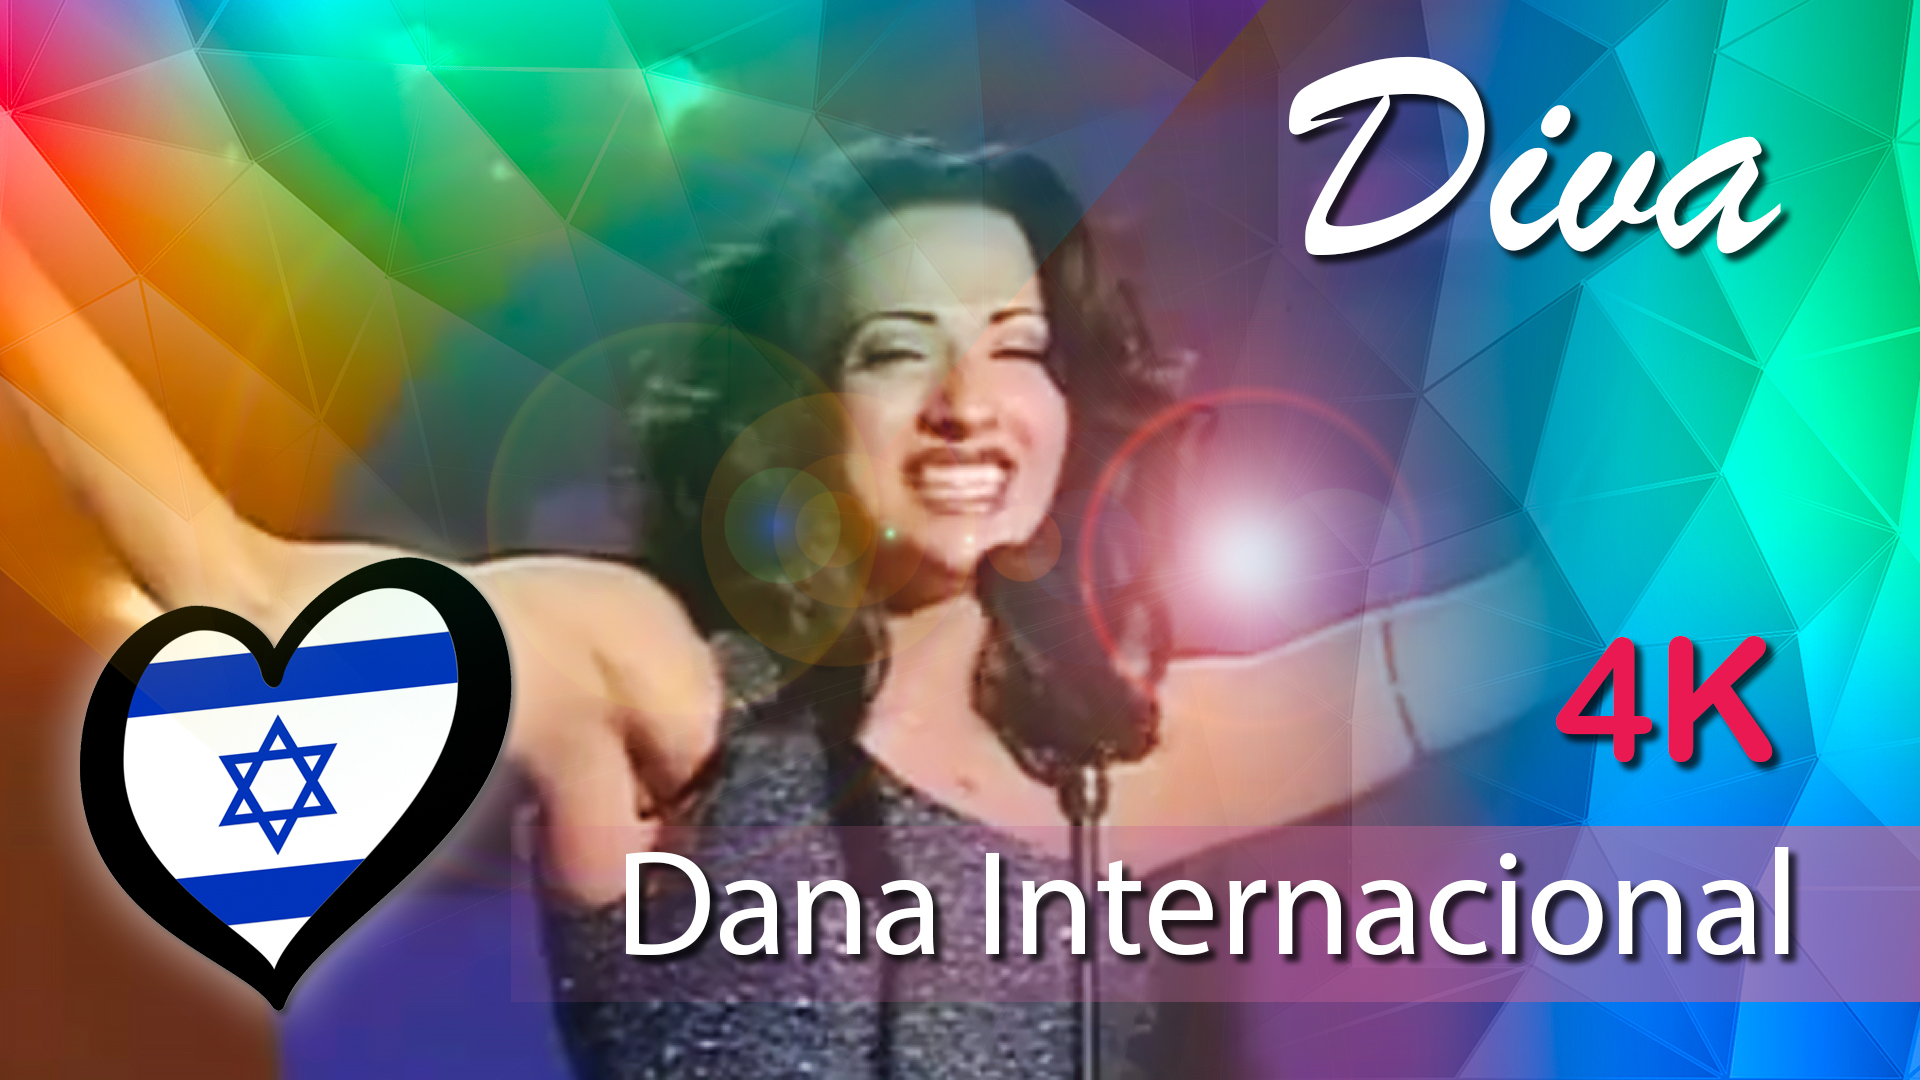 DIVA, DANA INTERNATIONAL 4K, DIVA ISRAEL 1998 4K
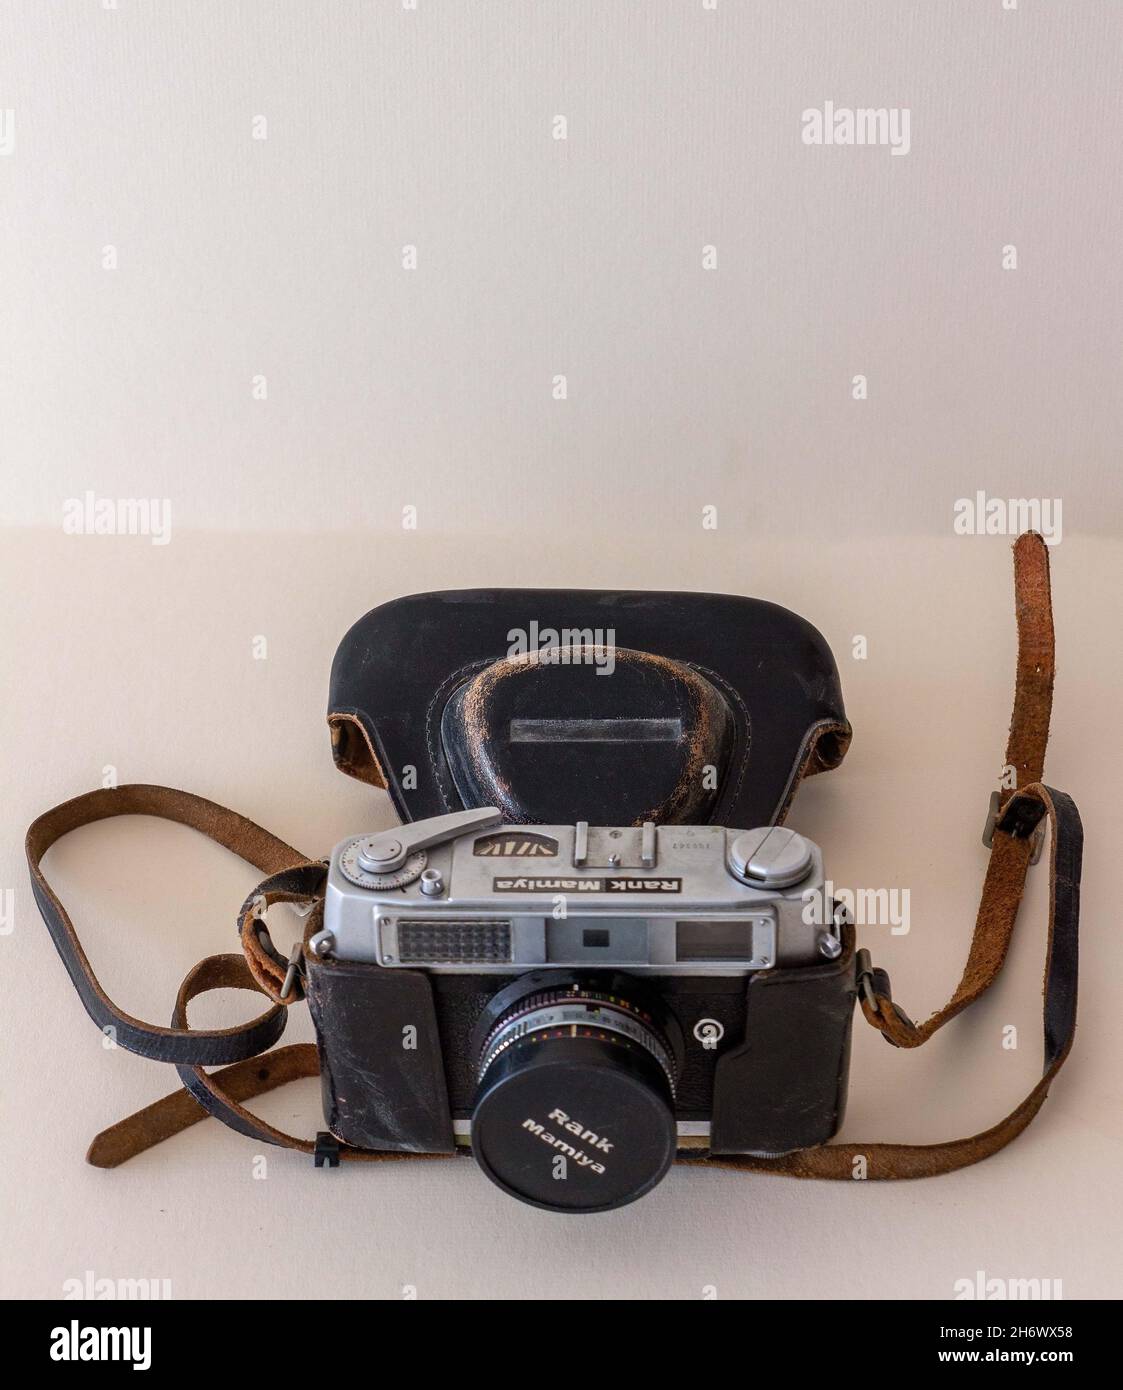 Rank Mamiya 35mm camera from the 1950's era Stock Photo
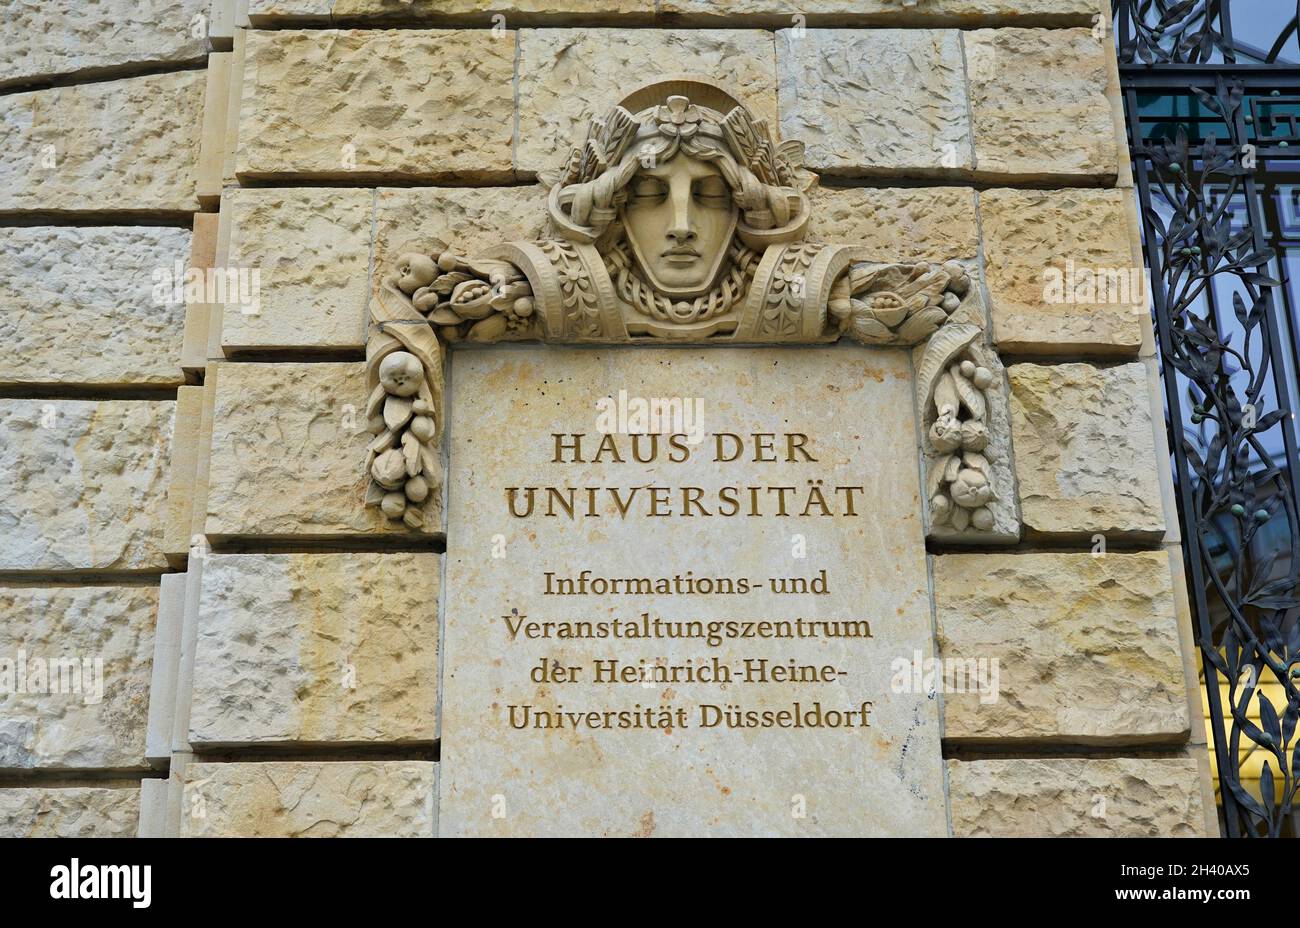 'Haus der Universität' in downtown Düsseldorf/Germany, an information and event center of Heinrich-Heine University. Stock Photo

> AIM OF THE TASK: Copy verbatim the span that opens at the line with "Rank Mamiya 35mm" and closes at the final line of the listing. Do not carry over any pictures.

> EXERCISE ANSWER:
 Rank Mamiya 35mm camera from the 1950's era Stock Photo
 'Haus der Universität' in downtown Düsseldorf/Germany, an information and event center of Heinrich-Heine University. Stock Photo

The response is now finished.